As I said earlier on the mailing list, I suspect (without looking into it) that the cause of the I/O performance slowdown relative to C++ is something related to buffering—perhaps the I/O is not being buffered, or the buffer isn't functioning right. This would be consistent with the serialization-based I/O leading to larger slowdowns, because there would be more calls to write(2) then. If so, then this should be fixable.
I'm pleasantly surprised to see the object mode slightly faster than C++.
I should note that the Rust version currently omits some features of the C++ version, such as read-limiting and the actual counting of the throughput. These things are cheap, but they may explain why Rust is faster in that one case.
We did some benchmarking on IRC today in light of this post and we found that Rust's stdio is currently quite slow due to a flag not being set properly in libuv which causes it to punt to a thread pool. There is currently a fix in the queue: https://github.com/mozilla/rust/pull/10558
In case you get some time would appreciate a blog post or a comment describing what the issue was on the rust side as well as on the libuv side. Upvoted in advance.
I have been thought all the serialization formats such as Protobuf, Thrift, BSON, or MessagePack are using compression as much as possible because saving amount of I/O is ultimate win for overall performance rather than fast calculation by memory alignment.
When I see this Capnproto, I am confusing that which one is right approach. Alignment is not exotic technique, and why didn't they align the data if there's no reason to save I/O?
Or am I totally misunderstanding these implementations?
Well, it depends on the environment. If you are doing interprocess communication, then I/O bandwidth is obviously not a concern at all. On the other hand, over the internet, it clearly is the biggest concern. For intra-datacenter traffic on a 10Gbit NIC, it's harder to say, but it _probably_ isn't the bottleneck. Cap'n Proto supports both cases by making additional packing optional, so you can choose the best trade-off for your application.

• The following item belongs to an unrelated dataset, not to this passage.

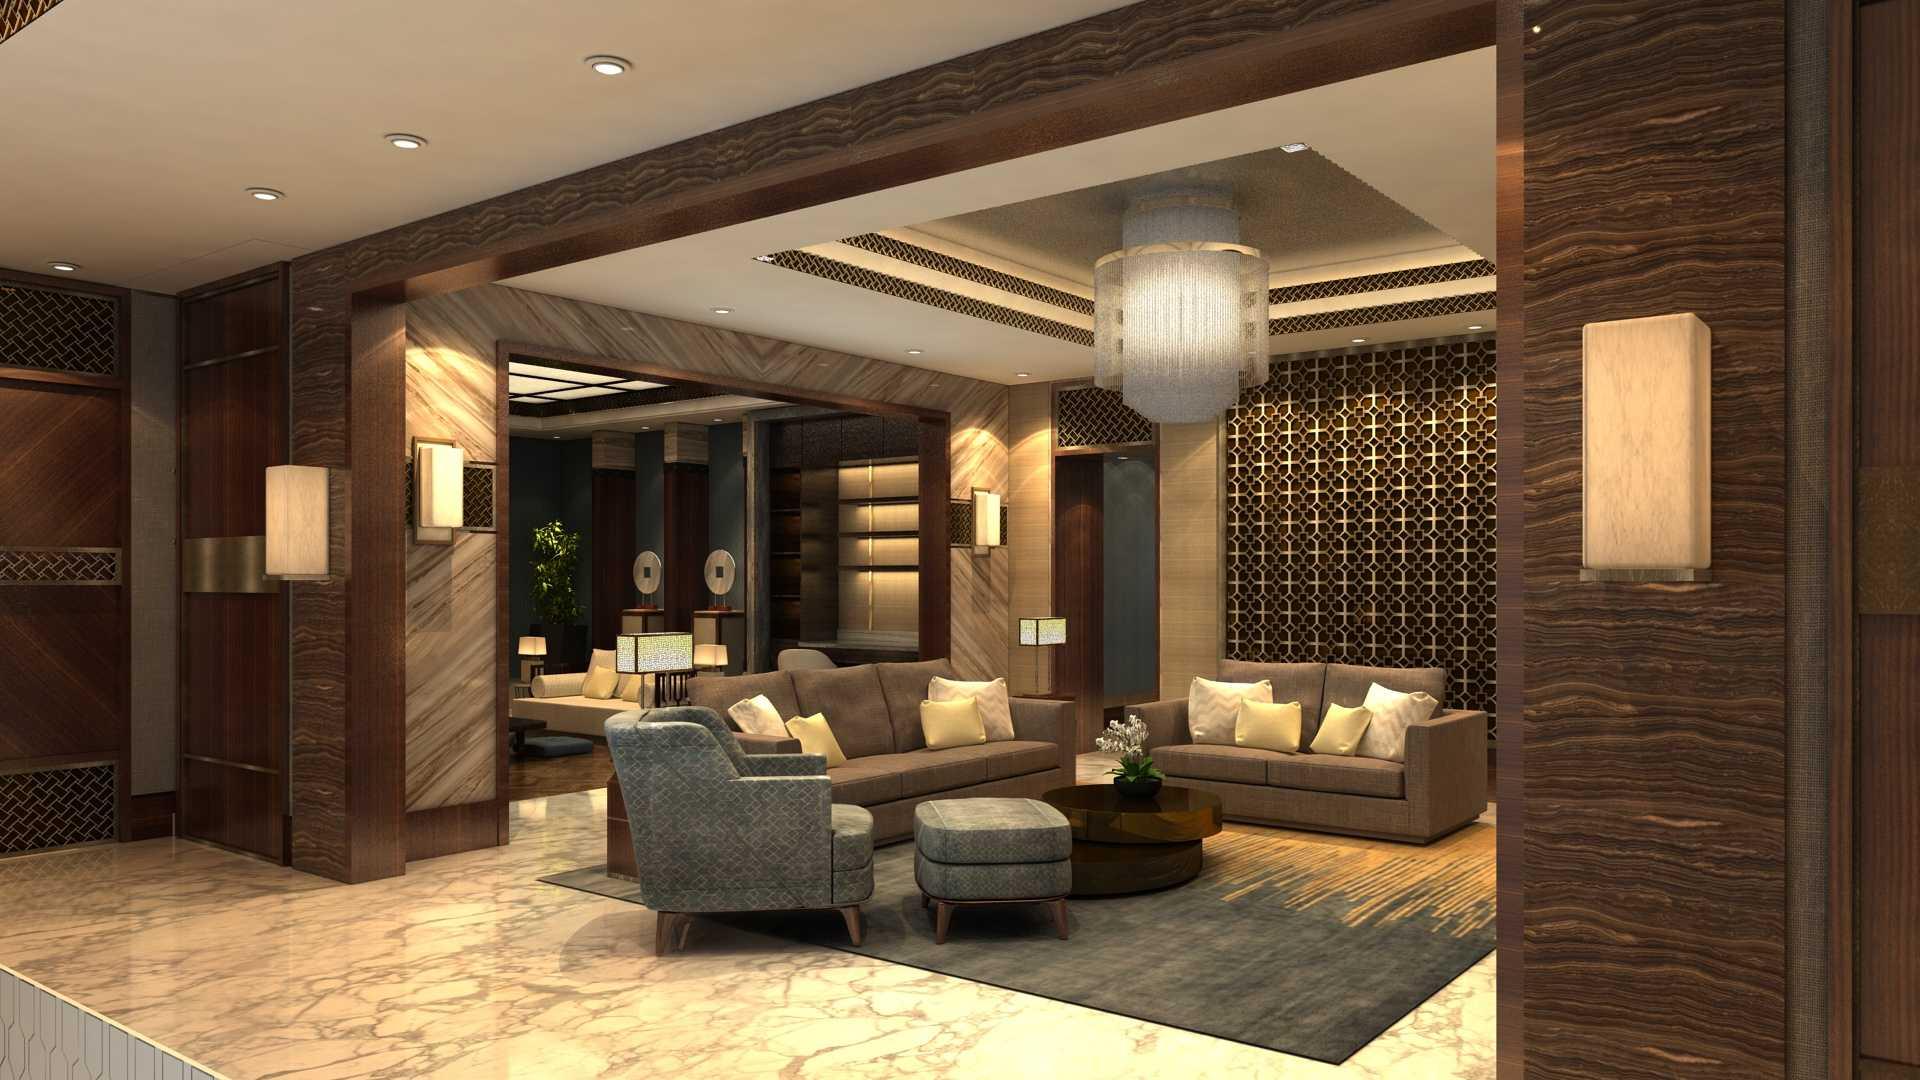 Vin•da•te Mayang Permai Residence Ii - Residential Project (Artist Impression - Construction In Progress) Pantai Indah Kapuk - North Jakarta Pantai Indah Kapuk - North Jakarta Lt Kontemporer  17214

Regarding the other formats you mention, I think you may be imagining that the designers of these protocols thought more carefully about them than they really did. Protobuf, for example, was designed pretty ad-hoc to solve an immediate problem in Google's search infrastructure, and then stuck mostly because as more and more things used it, it was easier to keep using it than start over. The designers readily acknowledge that it is not an ideal format -- in fact, there are other ways they could have done the encoding which would have taken no more space but would have saved significant CPU time.
(Disclosure: I was the maintainer of protobufs for a long time, though not the original creator. I am also the author of Cap'n Proto.)
I compiled libcapnp with the latest Clang g++ that ships with XCode. It perhaps would be more fair to also compile the C++ benchmarks with Clang, instead of the Macports gcc4.8 that I'm using, but unfortunately Clang barfs on some template hackery in the benchmark driver.
That would be quite useful. Otherwise it's very hard to tease apart the differences between optimization back ends of GCC and LLVM vs the Rust and C++ front ends. I feel like I have seen benchmarks showing differences around 5-20% between LLVM and GCC in speed, so the it will have an effect.
I'm pleasantly surprised to see the object mode slightly faster than C++.